И вдруг – холодные лягушки выше колена, по телу.
– Опять вы? Сколько вам говорить?! Не сметь меня трогать! Да еще под юбку лезет! Хулиган.
– Но ведь вы же упадете, милая барышня. Или в милые глазки голубые огонь попадет.
– Попадет не ваше дело отстаньте.
– Как так не мое дело? Я ваши милые ножки целовал.
– Ах, вы так?! – Валюськины глаза яро ходят кругом – чем бы в него запустить? Лачище негодный... Ага! Медная дощечка на чемодане.
– Иосиф Вацлавович Подгурский корнет-а-пистон. Это вы и есть – корнет-а-пистон? Хорошо же. К вам придет мой жених и... накладет вам по роже. Он вам покажет а-пистон.
– Кто же такой ваш коханый и з чего он будет мене бить? И почему вы зердитесь, милая барызня?
– Мой жених поручик Евгений Раздеришин. А ваш адрес: ага! Большая Дворянская, номер...
И не успела договорить Валюська, как лакированный, толкаясь чемоданами о сиденья, куда-то быстро-быстро из вагона.
Тогда в сердце загорячилась гордость и, расправив крылья, – ага, испугался, испугался, как только назвала Евгения! ага! – заняла всю грудь, нет, шире, шире груди, туда, к ветру, к торжественному маршу поезда, ну ветер, ну миленький, пожалуйста, сделай, чтобы деревья – и деревья стройно и послушно явились, быстро улыбаясь и стремительно выстраиваясь устремленными ввысь рядами – честь, честь невесте поручика Евгения Раздеришина.
3.
Из темно-бурой массы, погромыхивая отдаленной телегой – другой третьей, испарялись в огрублое надбарачное небо запахи пота, серничков, портянок, отхаркивания, матерщина, понукания и
– Смирррна – вняйсь! снова: – смирррна – вняйсь!

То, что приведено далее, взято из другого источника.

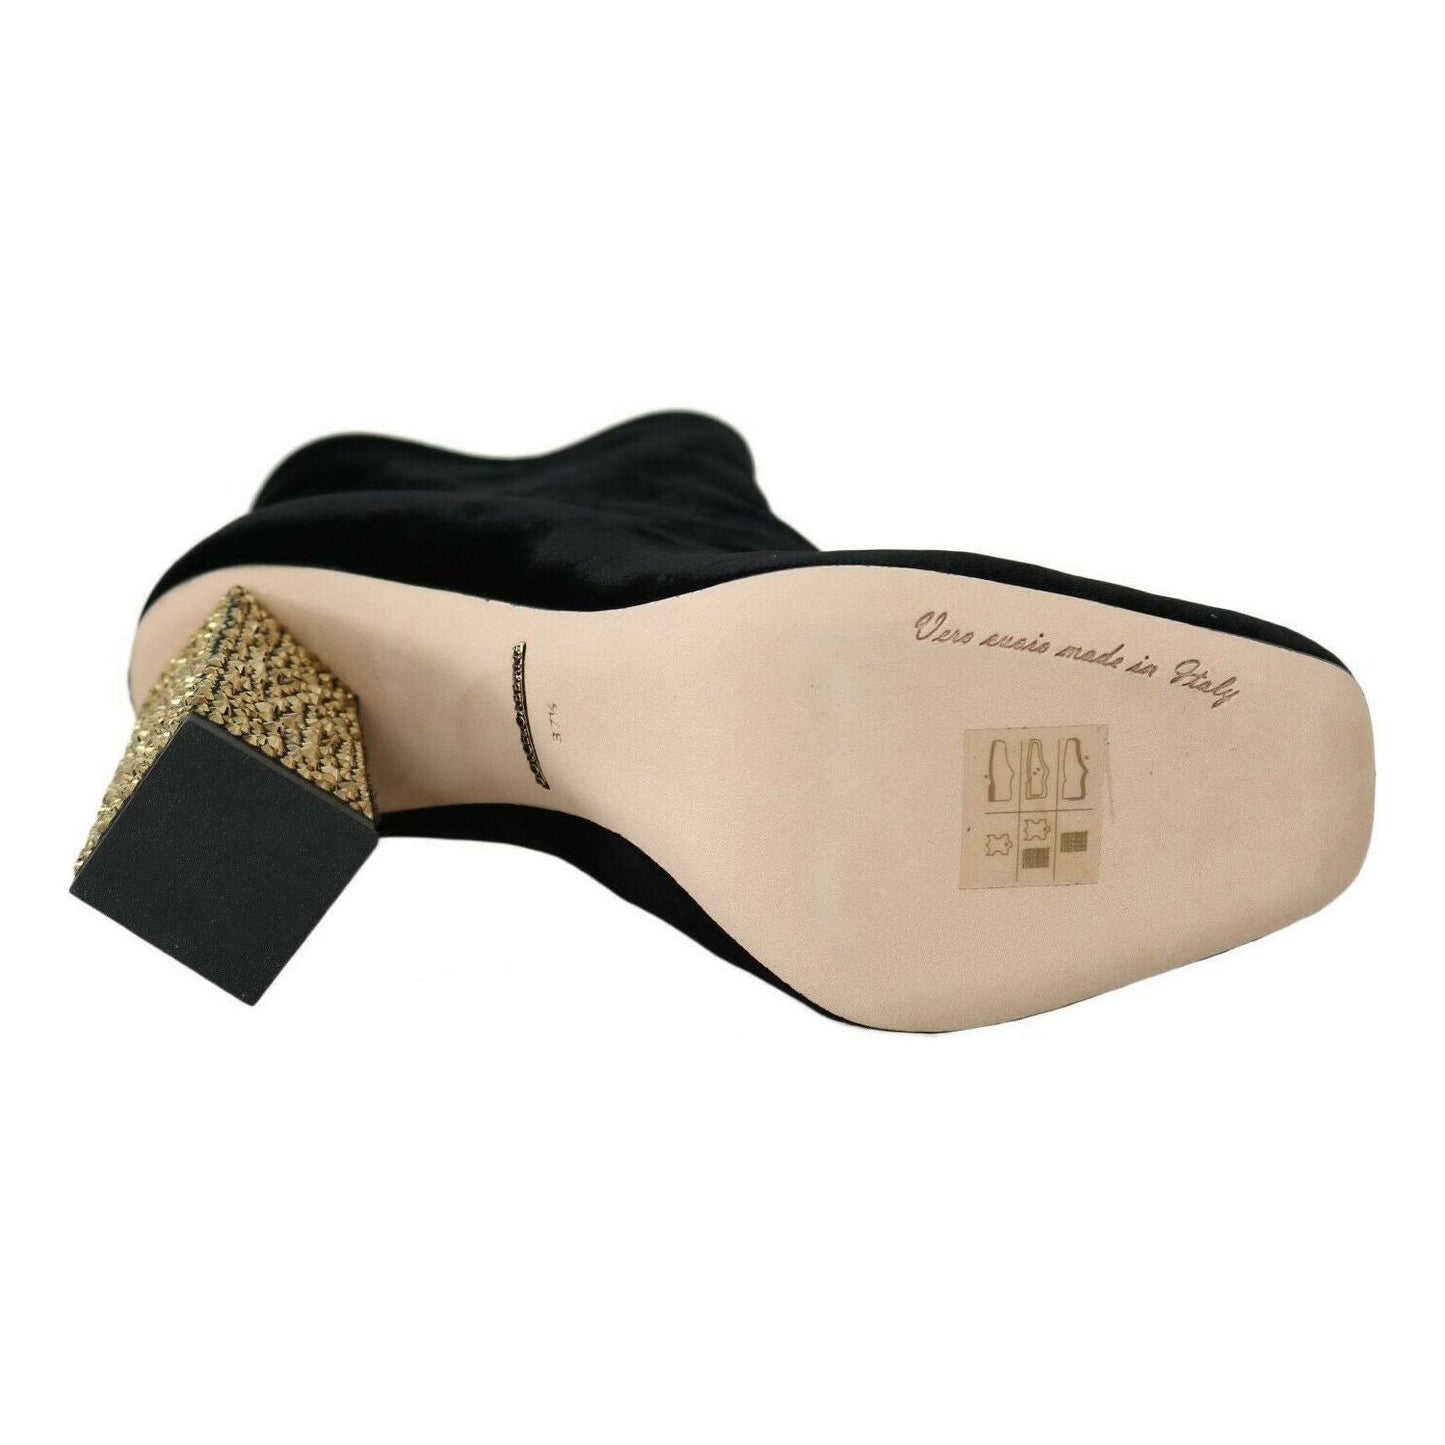 Dolce & Gabbana Elegant Velvet Ankle Boots with Crystal Heels black-velvet-crystal-square-heels-shoes

но изумительные красные, рубиновые, багровые покурочки так бы и прели до утра, так бы и наядривали тьму, так бы и попыхивали приветами друг другу:
– Ты здесь, Ваня?
– Я здесь, Ваня.
– Не бойся, я человек.
– И ты не бойся, чудашка, я тоже.
– Это ничего, что матерщина?
– Ничего, ничего.
– Будь покоен, Ваня.
– И ты, Ваня, милый,
– если бы не харрркнуло хррриплым аррршином, перекрыв матеррррщину:
– Спрррава по отделениям
– арррш!
И куда-то в провал беззвездный, нерадостный, отбивая положенный топот – закачалась нелепой машиной безмолвная бурая масса через три с половиной минуты после рожка и команды:
– ввай на тревогу.
А там, впереди, задиньдонкали пушки, и за первой ракетой позыкнулись в небо вторая и третья, четвертая, пятая, и все голубые, и снова диньдоном в нагрублое надбарачное небо, – зачем напружилось хмурью и смутью, зачем оно небо, а не крышка гигантского гроба, зачем оно может простором дышать, а не дышит.
– Донн! – Донн! – Не засти, отойди-отойди, донн!

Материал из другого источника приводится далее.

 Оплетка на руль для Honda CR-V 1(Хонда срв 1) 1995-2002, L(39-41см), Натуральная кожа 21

– Три-чтэри. – Донн, донн! – Три-чтэри.
– Перррьвая рота – а-ррруку – повзводнэээ – б-гом
И темно-бурыми потоками, не дослушав законного ааарш! – машина незаконно, по-своему, не по-машинному, не по-командному, вперед, туда, где ракеты, звякая звуками звонких котелков, ручейками, штыками, упруго подпрыгивая пружинистыми прыжками
загромыхала, вдруг обнаружив людей, и много-много людей, как же:
– Эй, наяривай, ребята, веселей!
– Пушки-то... работают, словно по делу...
– В игрушки играют.
– И зачем это по ночам будить, зачем по ночам будить?!.
– Ты... гляди за делом-то...
– Знай, под ноги подвертывается... по но-чам!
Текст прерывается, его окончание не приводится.